– Что, Пашок? – сказал Клим, не отводя глаз от стенки.
– Нашел работенку получше?
– Ага, – радостно подтвердил Шварценеггер. – Я это…
зайду.
Клим кивнул и потрепал его по могучему плечу.
– Я понял. Конечно, заходи, друг, рады будем.
Правильный ты мужик, Паша. Как говорится, спасибо за службу.
В ответ Паша только громко засопел от избытка чувств, и Клим, поняв его, как всегда, без слов, но тем не менее исключительно точно, оторвал для такого случая глаза от стенки, а мысли – от невеселых тем и снова кивнул:
– Я понял.
Все он понимал, этот Клим. Разве с кем-нибудь еще можно было поговорить так хорошо, так по-человечески? Разве сравнится с ним тот армейский сержант? Паша снова засопел – на этот раз от обуревающих его сомнений, но Клим уже отвернулся к своей стенке, да и вообще откатывать назад было бы слишком сложно.

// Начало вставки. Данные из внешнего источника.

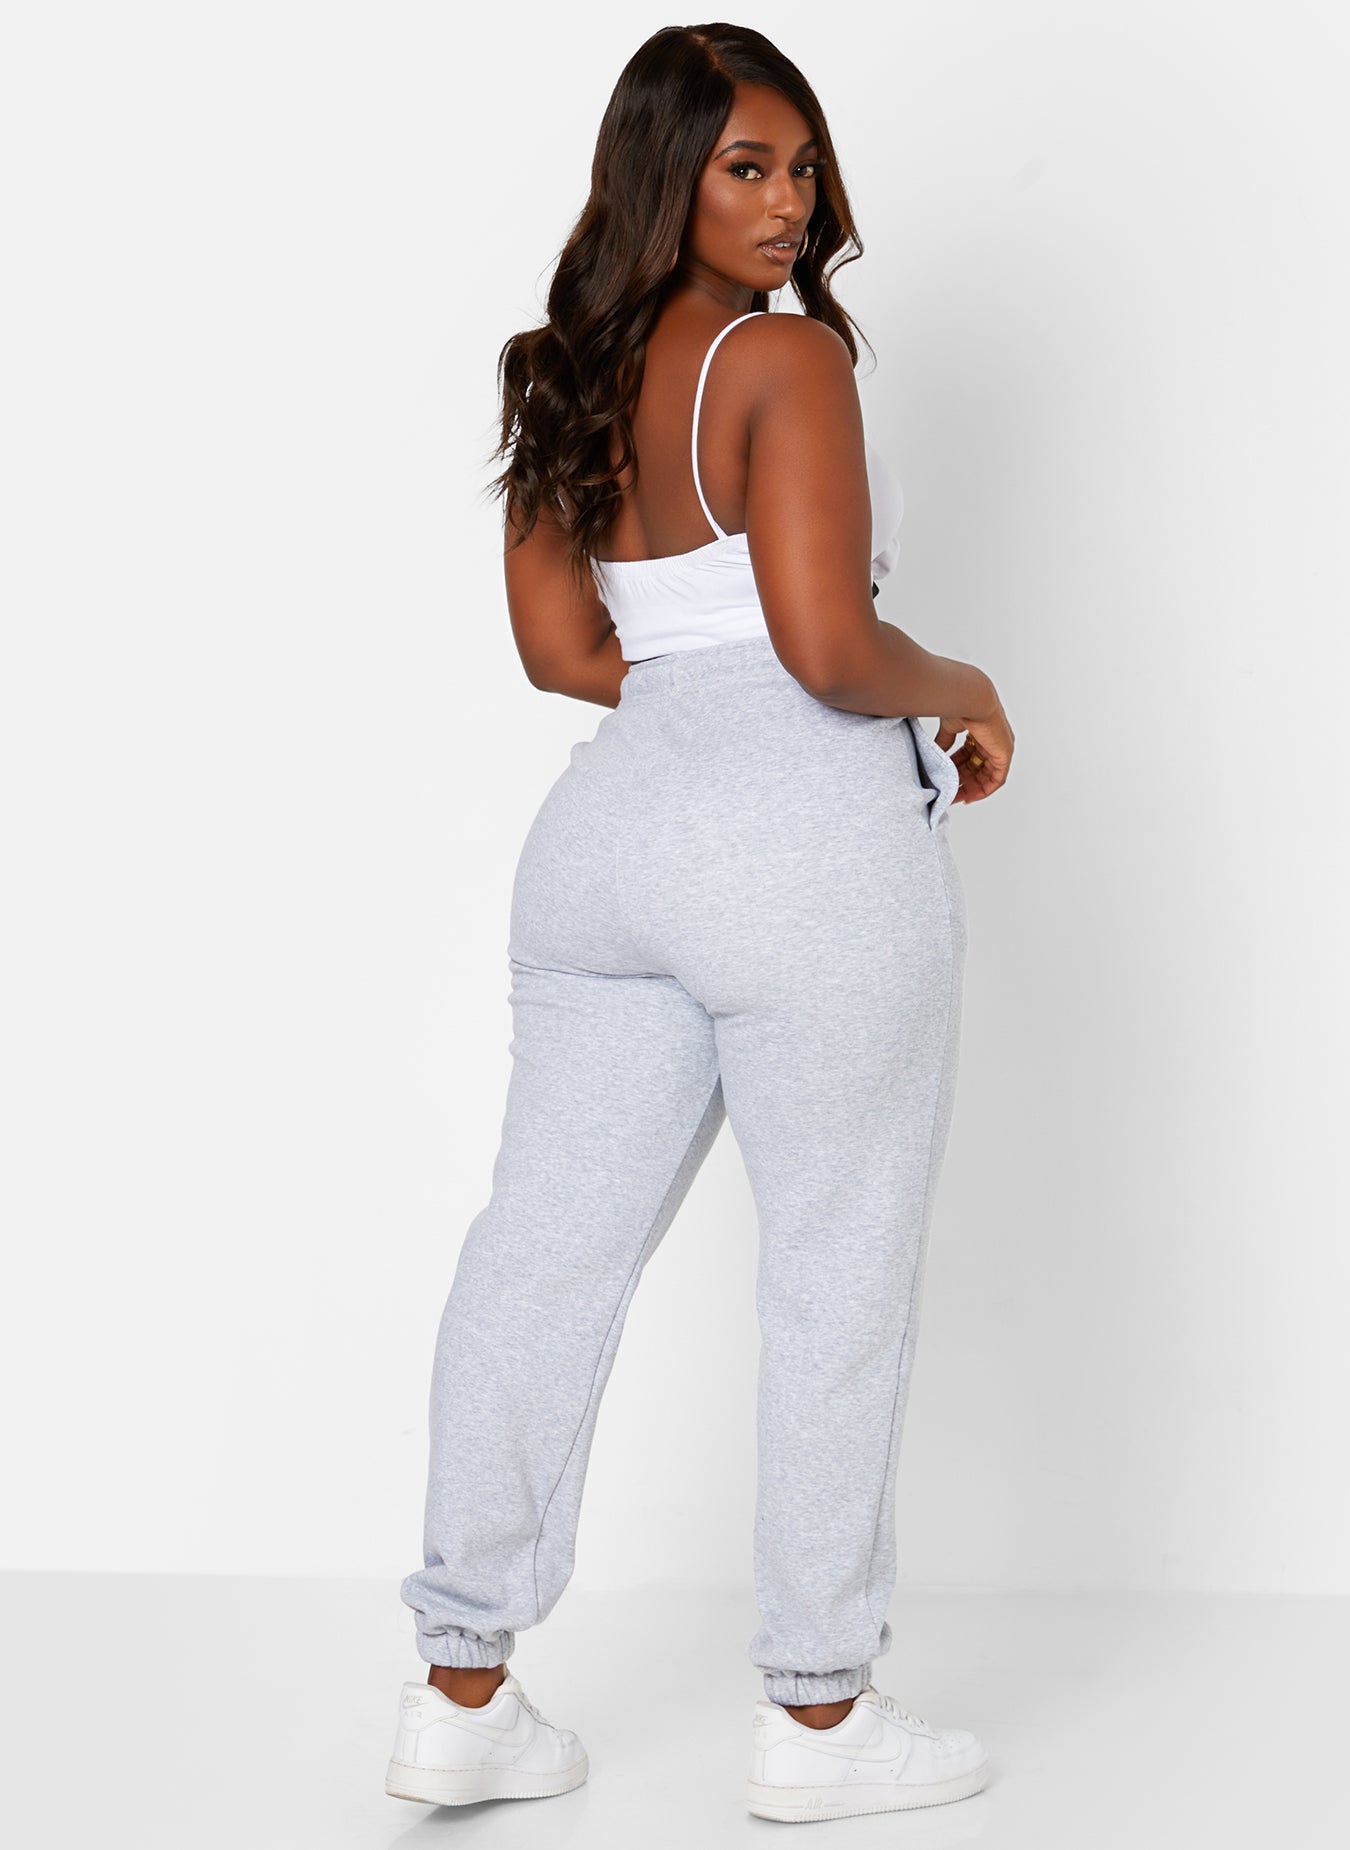 Heather Gray Goals Embroidered Drawstring Joggers W. Pockets Plus Sizes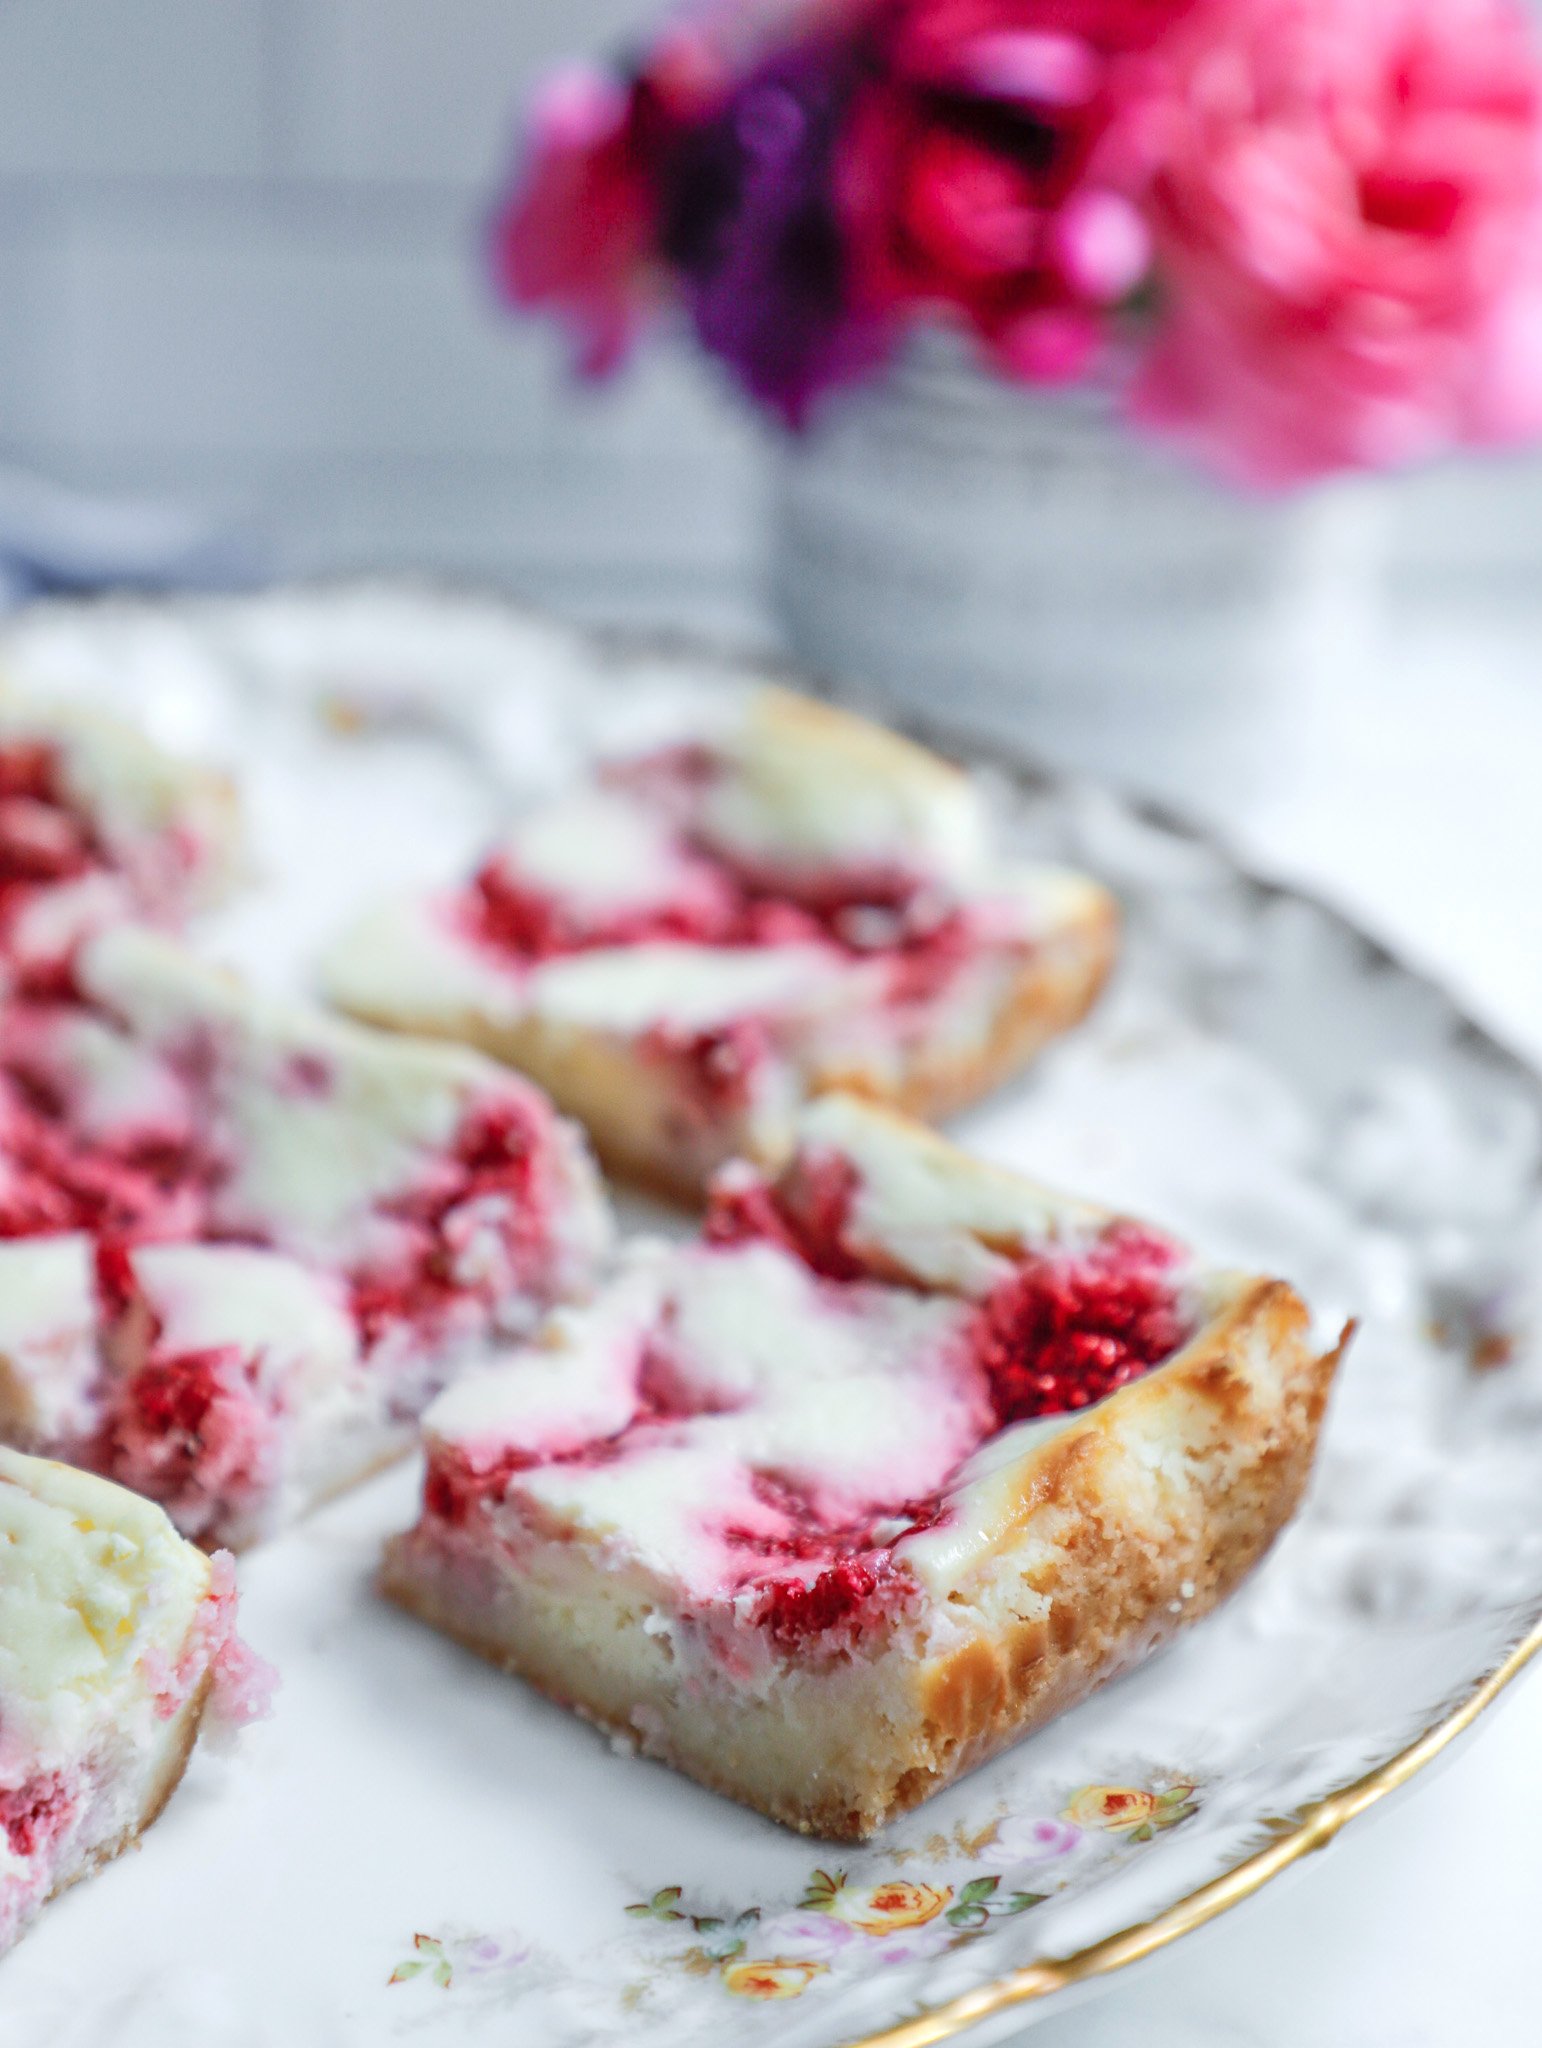 Raspberry cheesecake bars on a vintage platter with a white vase full of pink flowers in the background

Но даже если бы Паша-Шварценеггер раздумал уходить, даже если бы нашел нужные слова в своем небогатом словаре, все равно развалилась бы бригада так или иначе. Даже не из-за людей бы развалилась, а просто потому, что время пришло другое. На российские улицы, захлебываясь в мусоре слов, уже выползали веселые девяностые годы. Выползали из хрущевских пятиметровых кухонь, из телевизионной фрондерской болтовни, из подвалов борцовских секций, из гэбэшных кабинетов, из тюрем, из райкомовских банек с покладистыми комсомолками. Уже засновали через границы челноки с клеенчатыми баулами, уже зашумели в скверах злобные толстомордые тетки и циррозные неопрятные мужики, уже взошли обильной плесенью на городских опушках киоски, лотки и прилавки, уже показались между ними пашины новые сослуживцы с затылками, плавно переходящими в спины, немногословные солдаты войны всех со всеми, без различия расы, веры и происхождения, то есть строго по конституции, и никакого вам прежнего тоталитаризма…
Уже зашуршал потихоньку бумажками по огромным пространствам невидимый глазу дележ – размашистый, по-крупному, областями и заводами. Уже, «эффективно решая назревшие вопросы», затрещали автоматные очереди, защелкали в подъездах одноразовые пистолетики киллеров. До стройки ли тут стало? До ломки ли? Делить – не строить, делить – не ломать… Где уж тут малой климовой бригаде уцелеть, если целые строительные управления падали, раздергивались, расползались по лихим загородным проектам новых заказчиков? Если и сами эти заказчики то и дело исчезали, едва успев выплатить аванс, пропадали – кто в чужих землях, а кто и в своей родной, на полтора метра вглубь.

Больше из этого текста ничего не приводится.